Your spreadsheet is a good idea. We can quibble on the content but first, unprotect it!. When I tried to enter data I get, "You are trying to edit a protected cell or object. Please contact the spreadsheet owner to remove protection if you need to edit."


----------



## wb6vpm (Mar 27, 2016)

bsliv said:


> Your spreadsheet is a good idea. We can quibble on the content but first, unprotect it!. When I tried to enter data I get, "You are trying to edit a protected cell or object. Please contact the spreadsheet owner to remove protection if you need to edit."


I went ahead and just made a Google form.

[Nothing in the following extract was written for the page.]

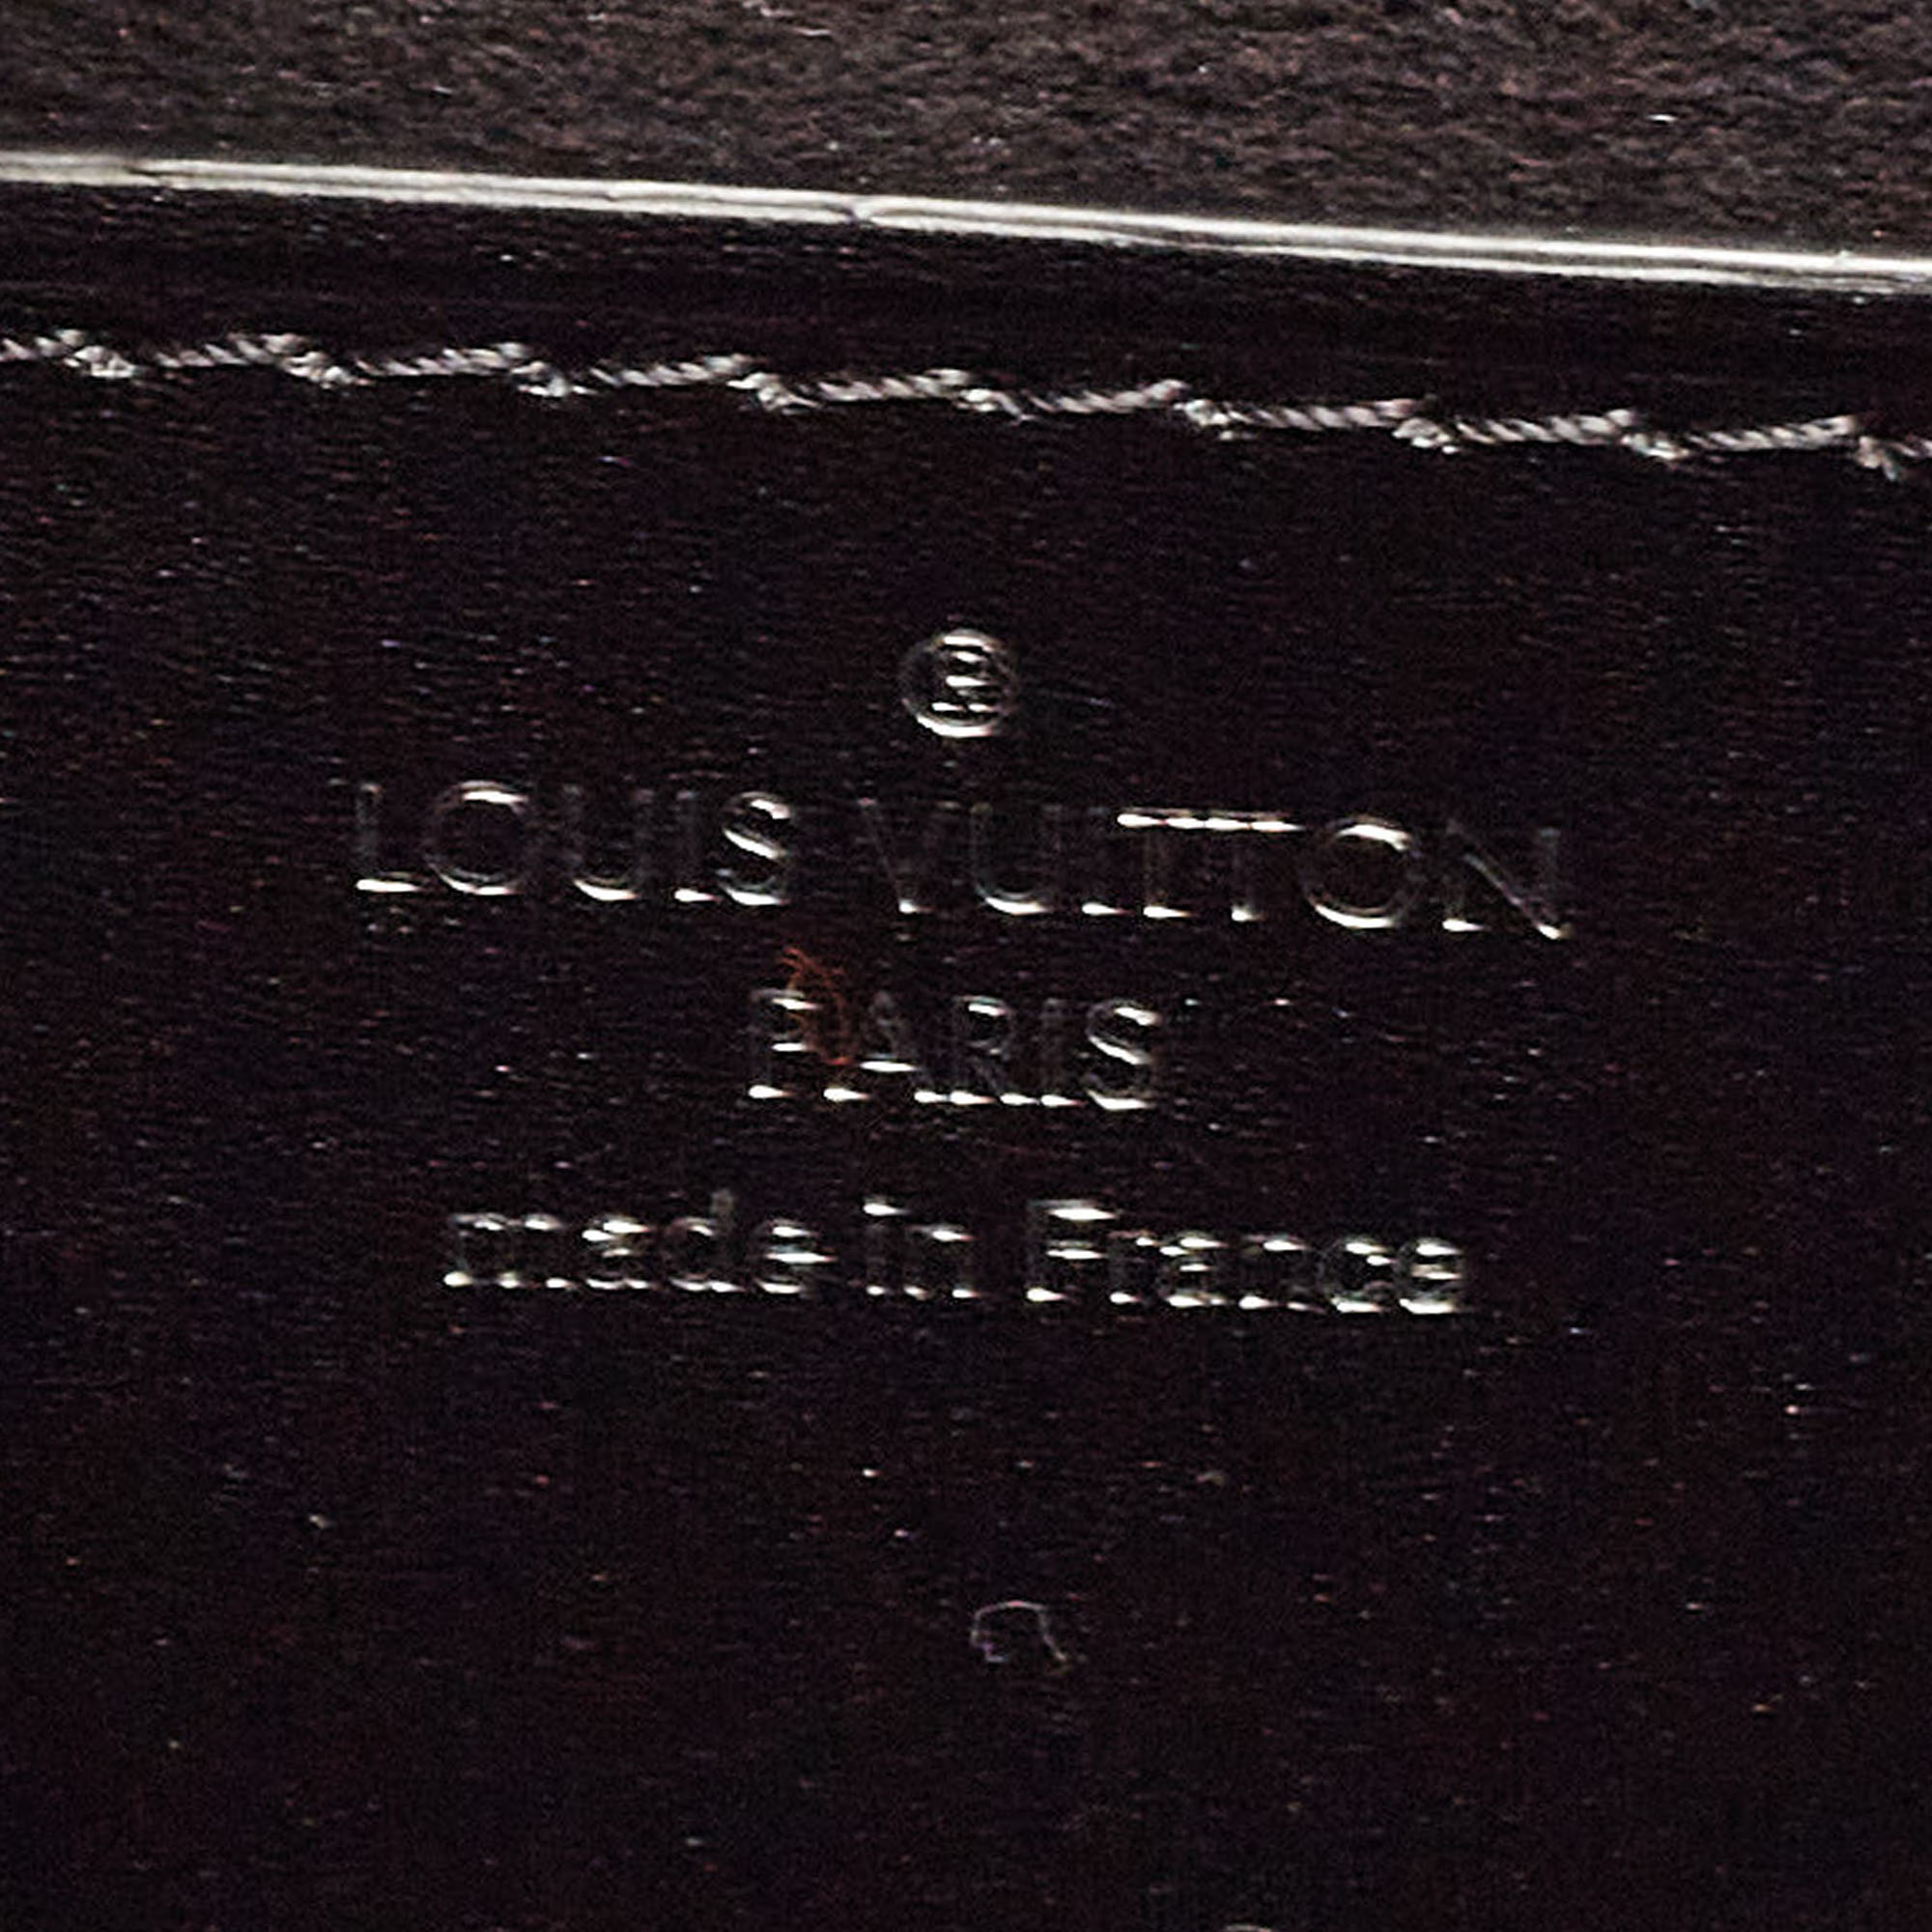 Louis Vuitton Black/White Malletage Epi Leather Twist PM Bag

https://goo.gl/forms/M373J2MotFwgUi4K2

Results from form:
https://docs.google.com/spreadsheets/d/1N1R1YS2oIc49OiwyriAV4znY8NeVAlAc_rQjSdC4yqI/


----------



## Davestave (Nov 12, 2017)

bsliv said:


> Frustrated said, "how about this how much you average??? Me 1500 Honda Accord oil changes and 2 tires and I feeds my family well"
> 
> You don't know how much you profit. You know how much you gross. Its a short sighted approach. It takes more than oil changes and 2 tires to keep that Accord running. What happens when the other 2 tires blow? What happens when the ****** won't engage? What happens when the water/fuel/oil pump goes out? You may not realize it until you try to sell it or repair it, but the costs are there and should be calculated.
> 
> ...


So you refuse to drive for 18 months but you feel your voice is needed? Sounds like you need a hobby, try model airplanes... or maybe meet a girl. If I'm still trolling uber 18 months after I quit driving someone plz point this out to me


----------



## bsliv (Mar 1, 2016)

Davestave said:


> So you refuse to drive for 18 months but you feel your voice is needed? Sounds like you need a hobby, try model airplanes... or maybe meet a girl. If I'm still trolling uber 18 months after I quit driving someone plz point this out to me


I average 10 - 20 hours per week at my main job. Some weeks I may work 50 hours, other I may work 0 hours. I have a car that get 40 mpg. What other job than rideshare would fit my schedule? I've lived in the same town 35 years, I know the streets. I enjoyed driving. I would drive again but the rates are just too pathetic.

For your information, I have 8 airplanes hanging from my ceiling. The largest has a 6' wingspan. And they all fly via radio control. I have parts for another 10, I think. I have a gun safe as big as most refrigerators. I have a progressive reloading press. I have 2 boat, 2 cars and live alone. The only trolling I do is in a boat.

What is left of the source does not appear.